While I was training to become a family doctor, I learned the conventional wisdom about nicotine addiction. Physicians have long believed that people smoke primarily for pleasure and become psychologically dependent on that pleasure. Tolerance to the effects of nicotine prompts more frequent smoking; when the habit reaches a critical frequency—about five cigarettes per day—and nicotine is constantly present in the blood, physical dependence may begin, usually after thousands of cigarettes and years of smoking. Within hours of the last cigarette, the addicted smoker experiences the symptoms of nicotine withdrawal: restlessness, irritability, inability to concentrate, and so on. According to this understanding, those who smoke fewer than five cigarettes per day are not addicted.

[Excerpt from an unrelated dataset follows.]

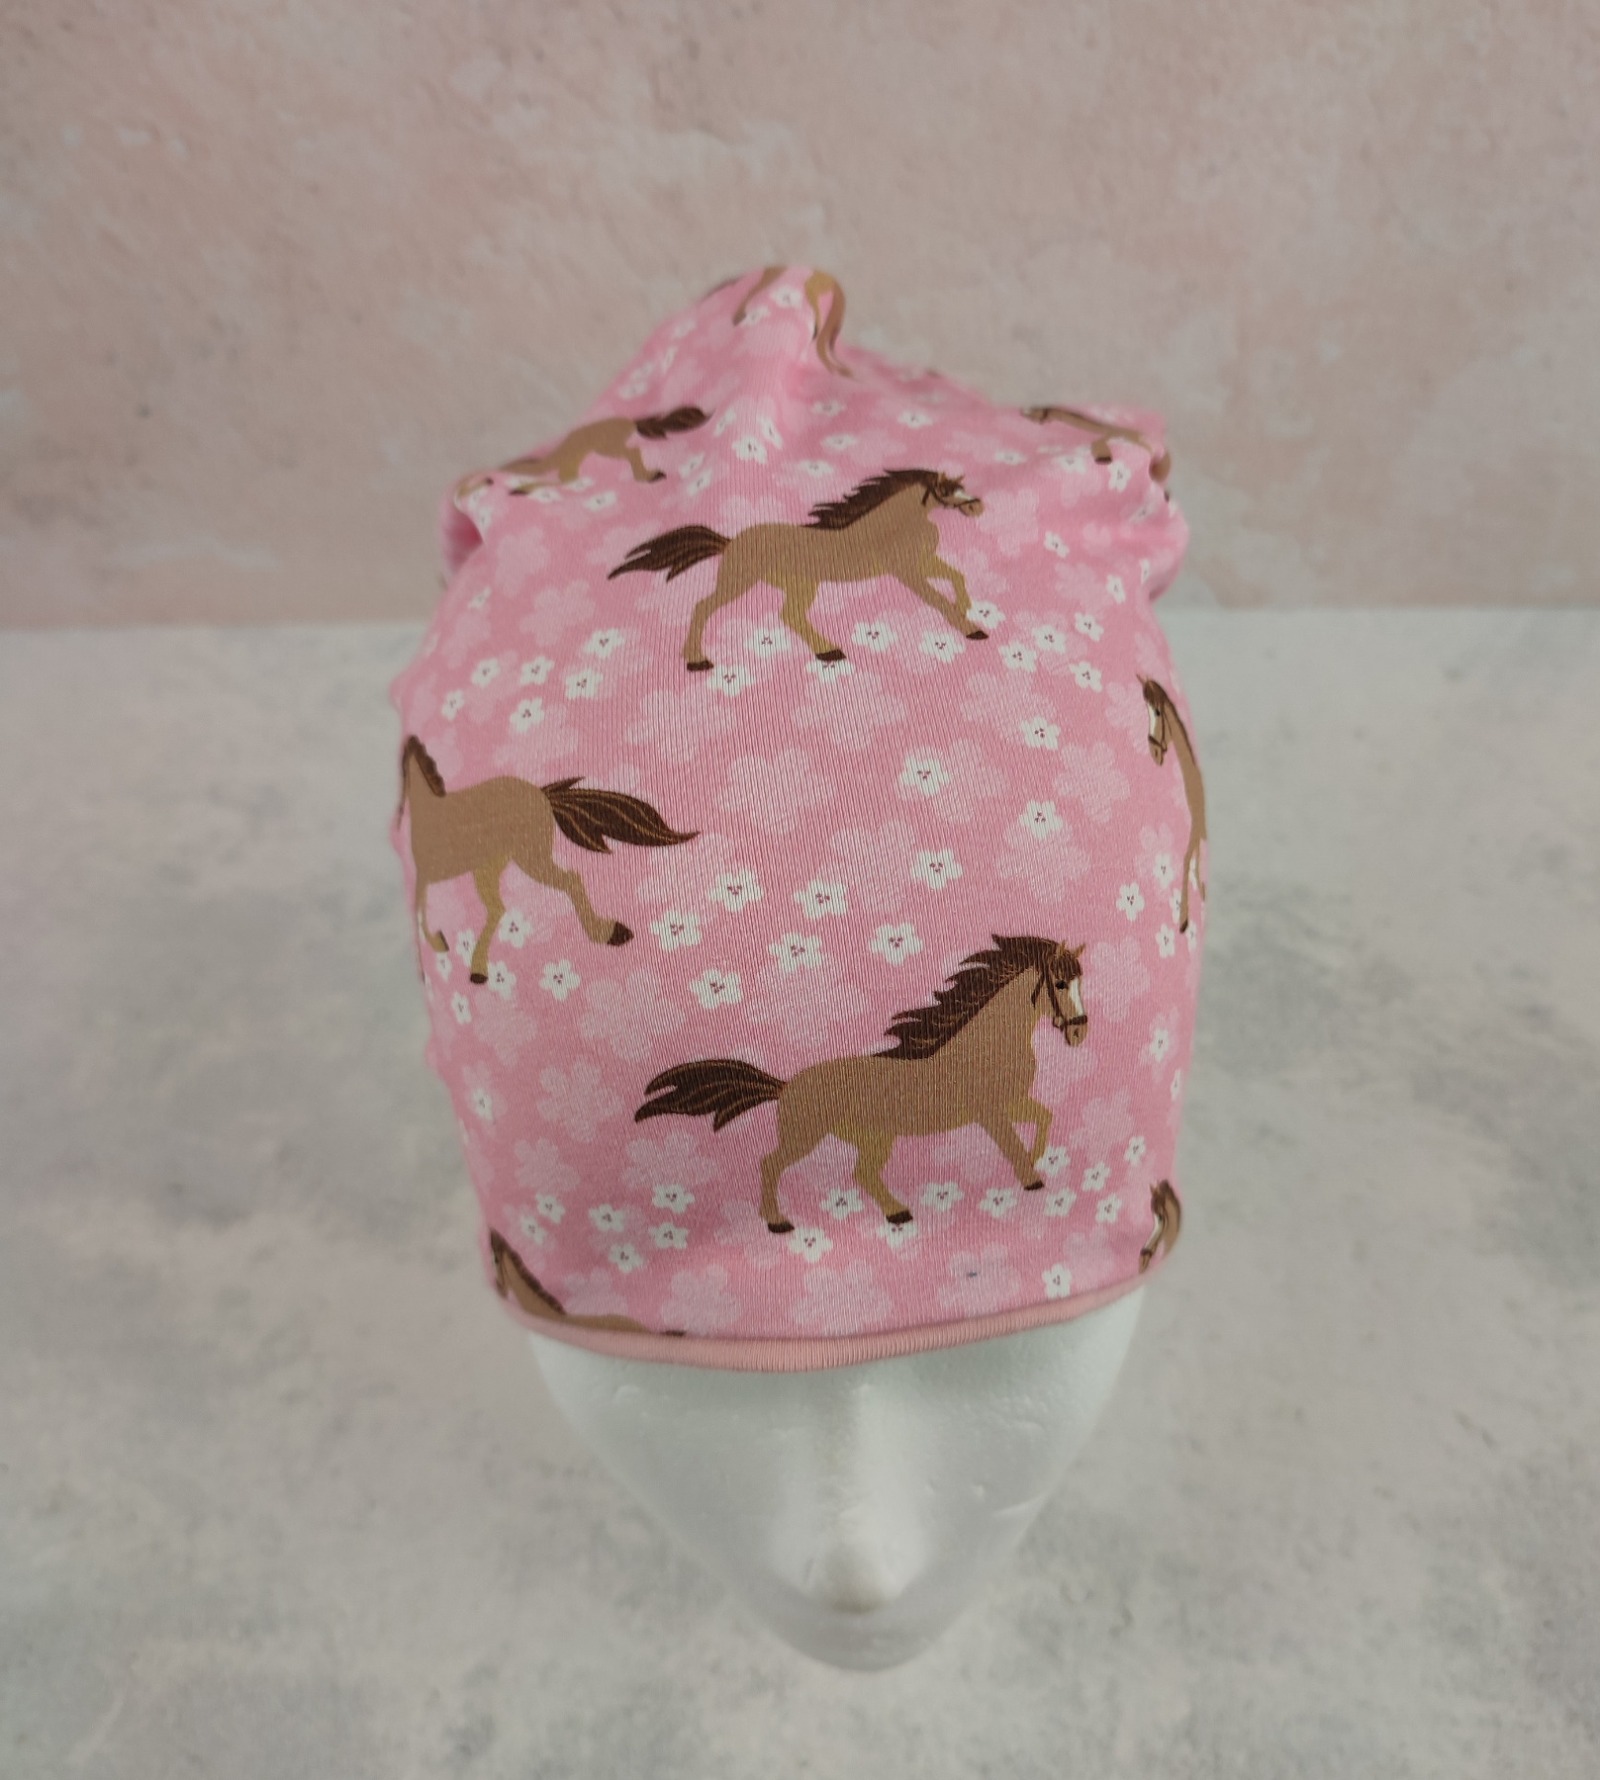 Beanie für kleine Mädchen - Kindermütze aus Jersey in rosa mit Pferden und Blumen Größe ca 44 - 48 cm Kopfumfang 4

I was armed with this knowledge when I encountered the proverbial patient who had not read the textbook. During a routine physical, an adolescent girl told me she was unable to quit smoking despite having started only two months before. I thought this patient must be an outlier, a rare exception to the rule that addiction takes years to develop. But my curiosity was piqued, so I went to the local high school to interview students about their smoking. There a 14-year-old girl told me that she had made two serious attempts to quit, failing both times. This was eye-opening because she had smoked only a few cigarettes a week for two months. When she described her withdrawal symptoms, her story sounded like the lament of one of my two-pack-a-day patients. The rapid onset of these symptoms in the absence of daily smoking contradicted most of what I thought I knew about nicotine addiction. And when I tracked that received wisdom back to its source, I found that everything I had learned was just a poor educated guess.